# [PROVIDED DATA]
- - -
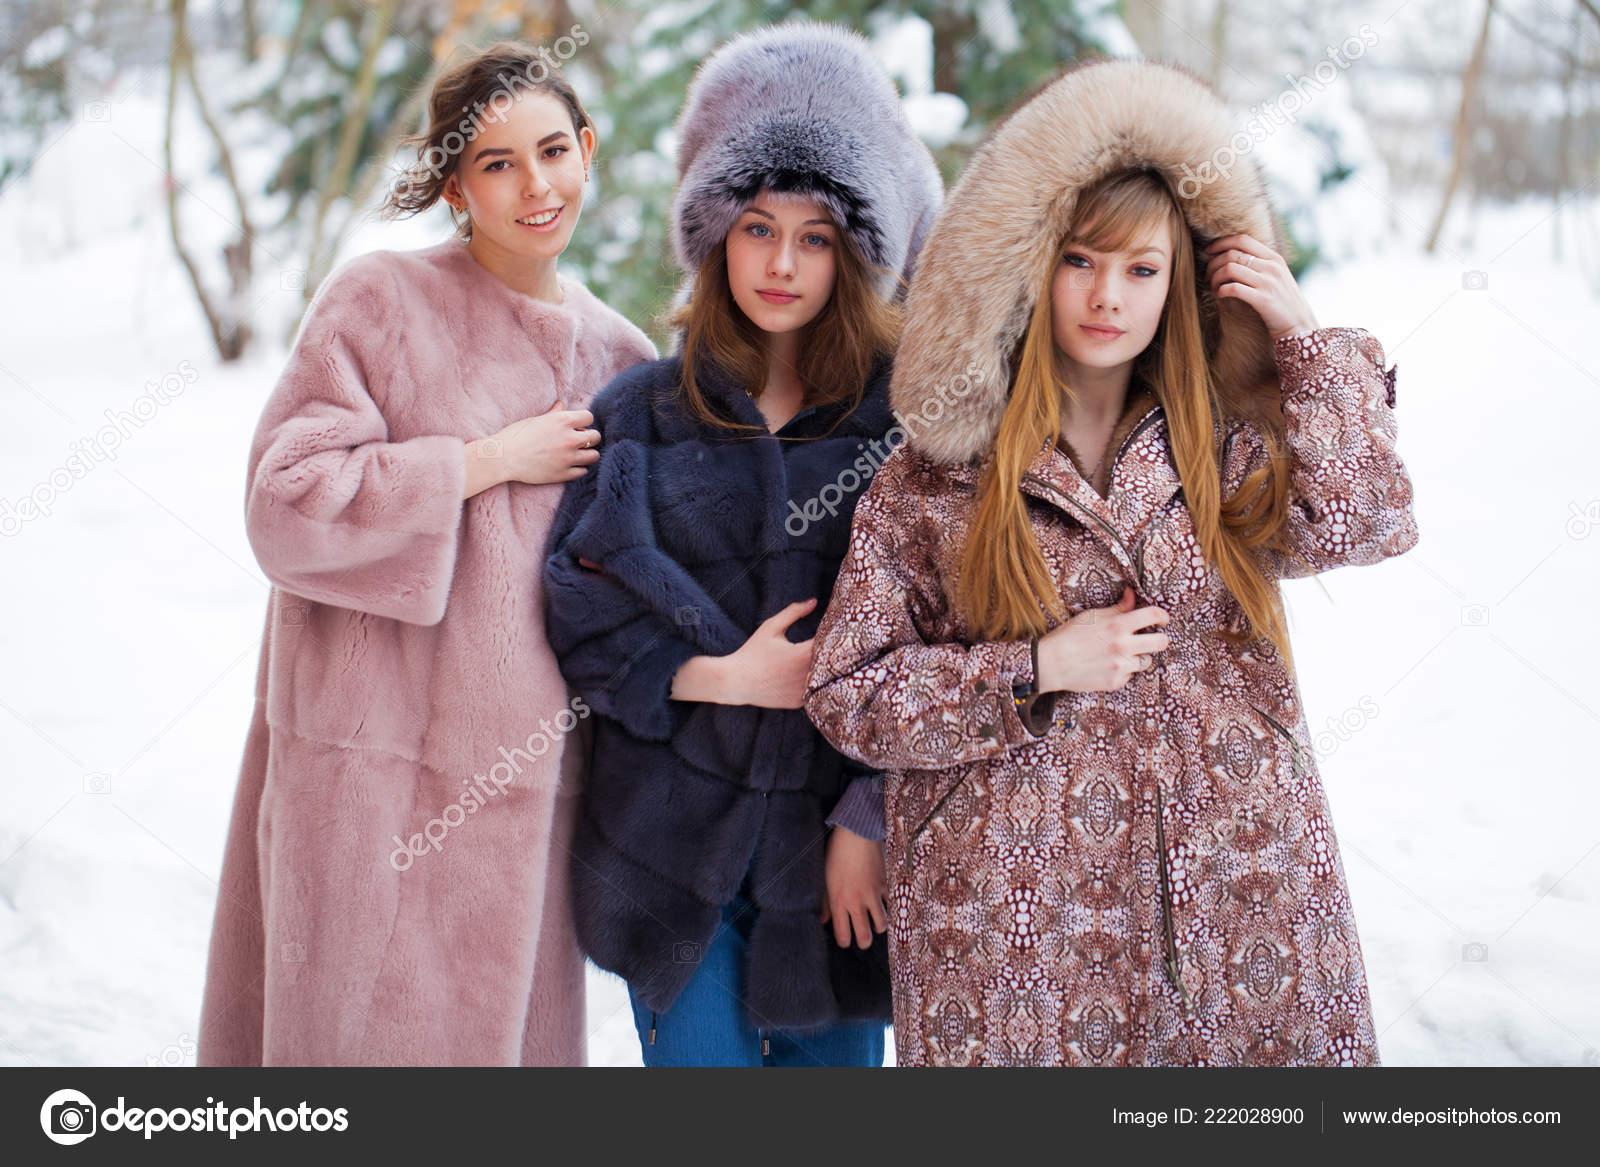 fae957b09a8c Τρία Μοντέλα Μόδα Στη Γούνα Ολόσωμο Πορτρέτο Του Νεαρή Όμορφη — Φωτογραφία  Αρχείου
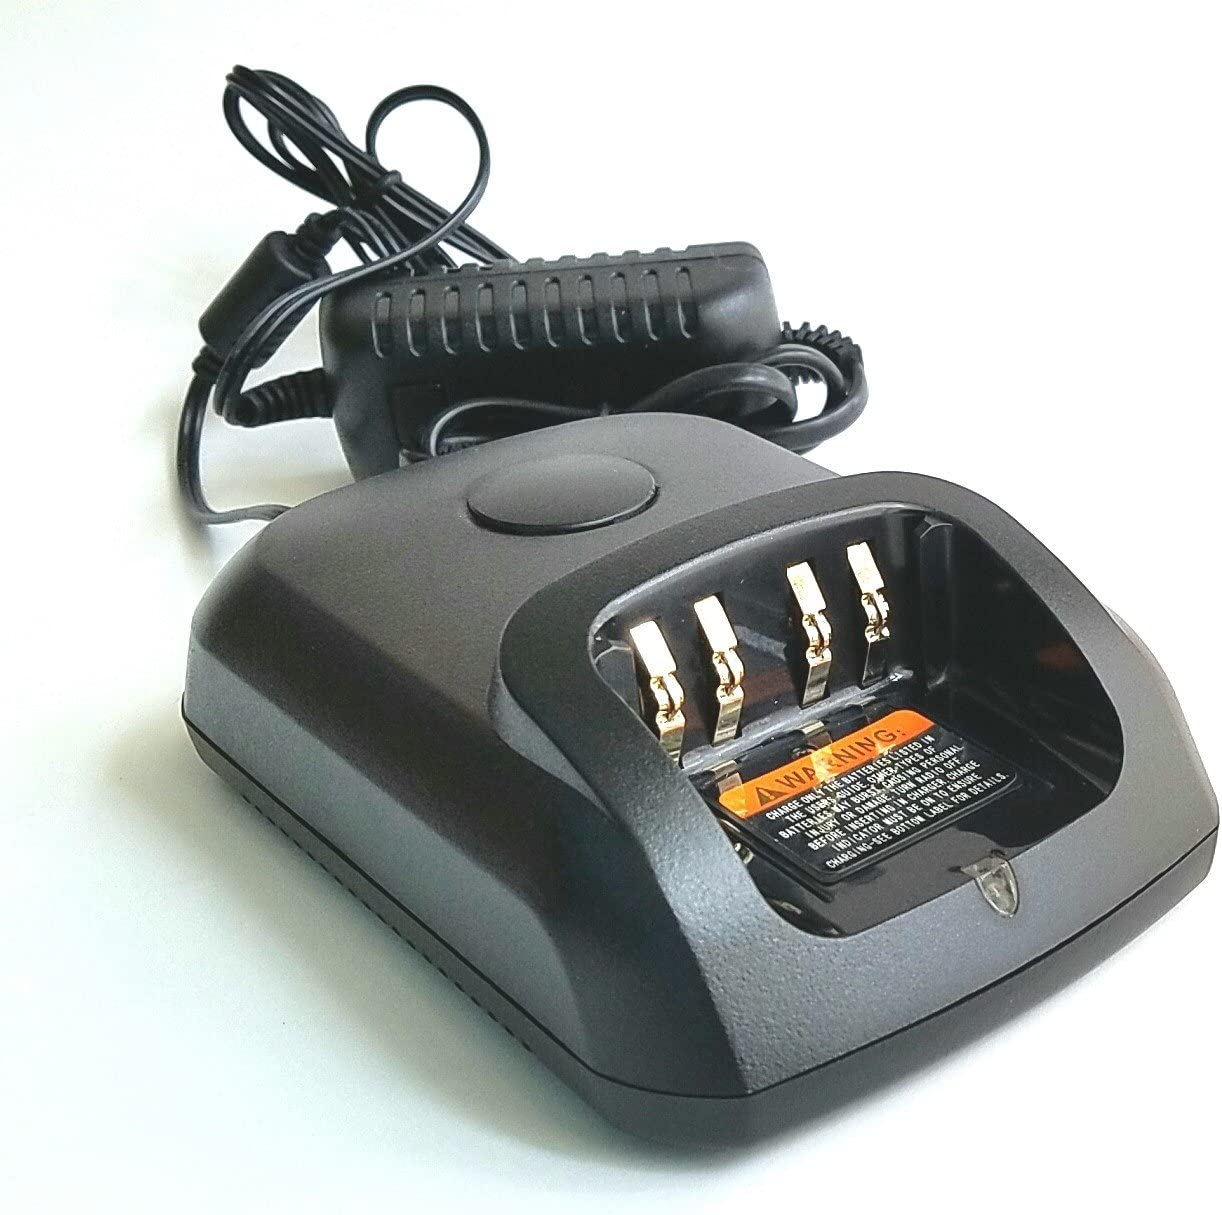 Rapid Charger for Motorola DGP4150 XPR6100 XPR6500 XPR6300 DGP6150 Li-lonBattery
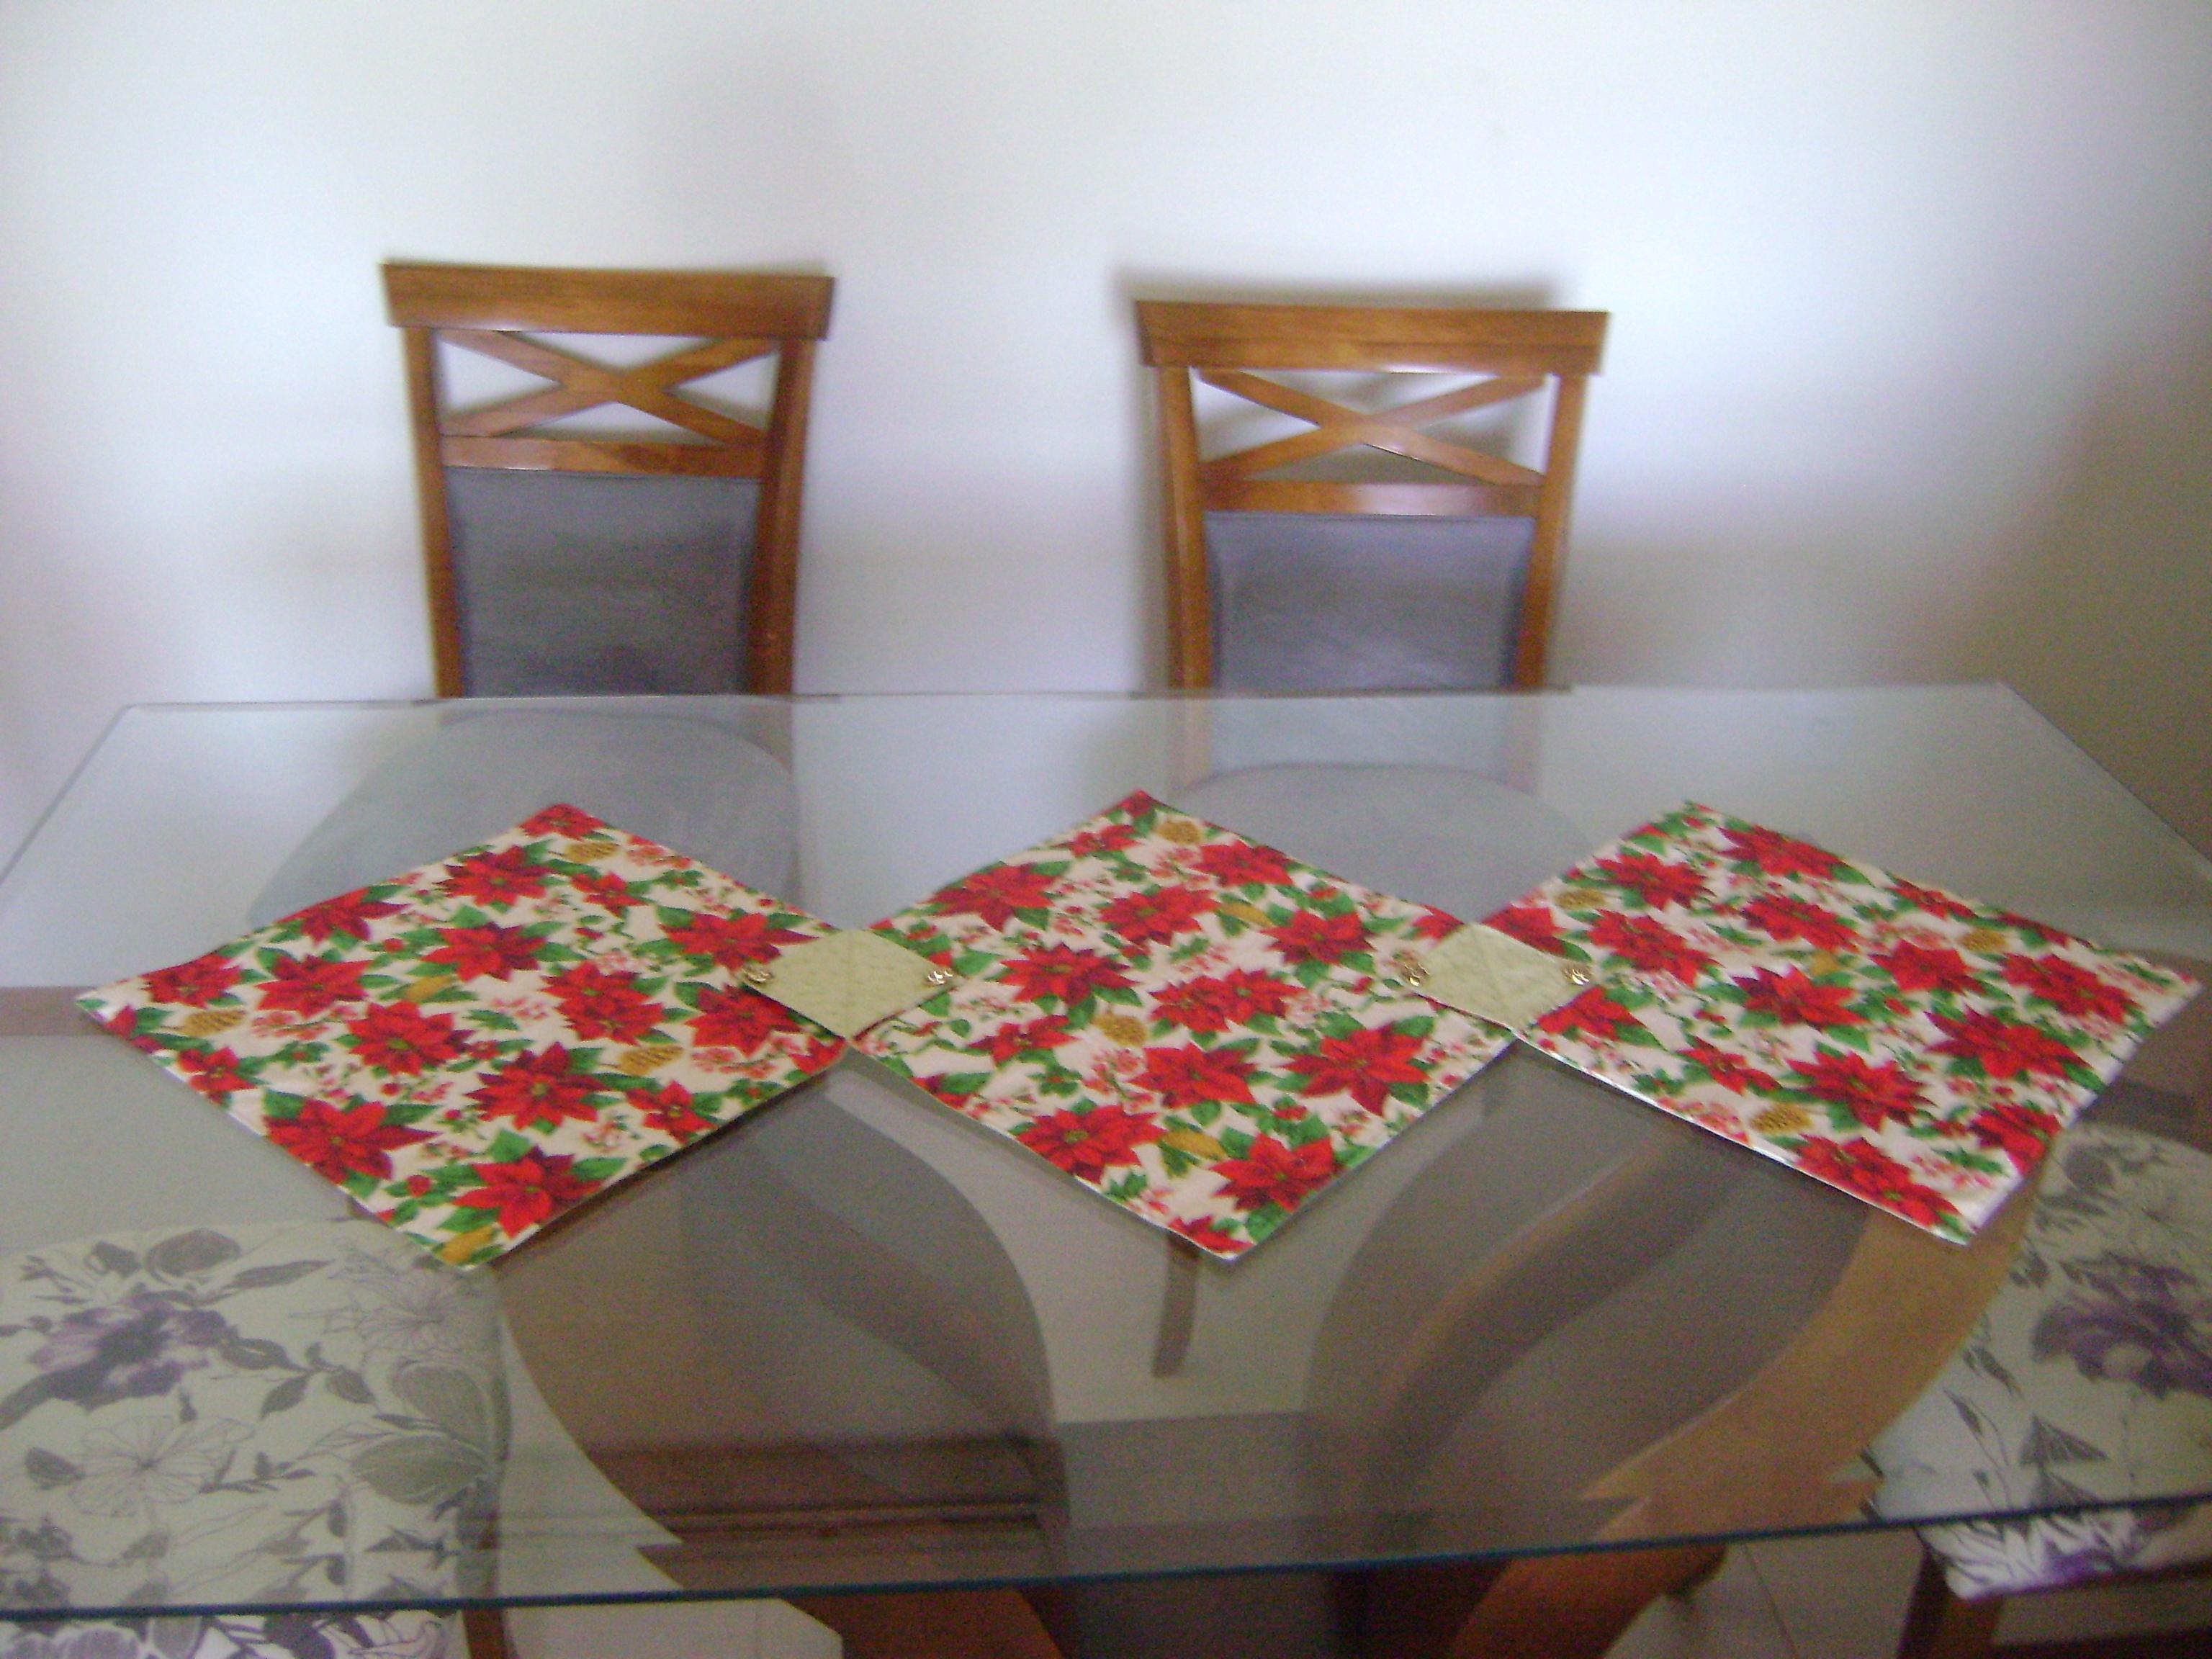 decoracao cozinha natal : decoracao cozinha natal:trilho de mesa natal cozinha decoracao trilho de mesa natal trilho de
- - -
# [TRY IT]
Strip out the pictures and reproduce the remaining material above exactly.

# [SOLUTION]
 fae957b09a8c Τρία Μοντέλα Μόδα Στη Γούνα Ολόσωμο Πορτρέτο Του Νεαρή Όμορφη — Φωτογραφία  Αρχείου
 Rapid Charger for Motorola DGP4150 XPR6100 XPR6500 XPR6300 DGP6150 Li-lonBattery
 decoracao cozinha natal : decoracao cozinha natal:trilho de mesa natal cozinha decoracao trilho de mesa natal trilho de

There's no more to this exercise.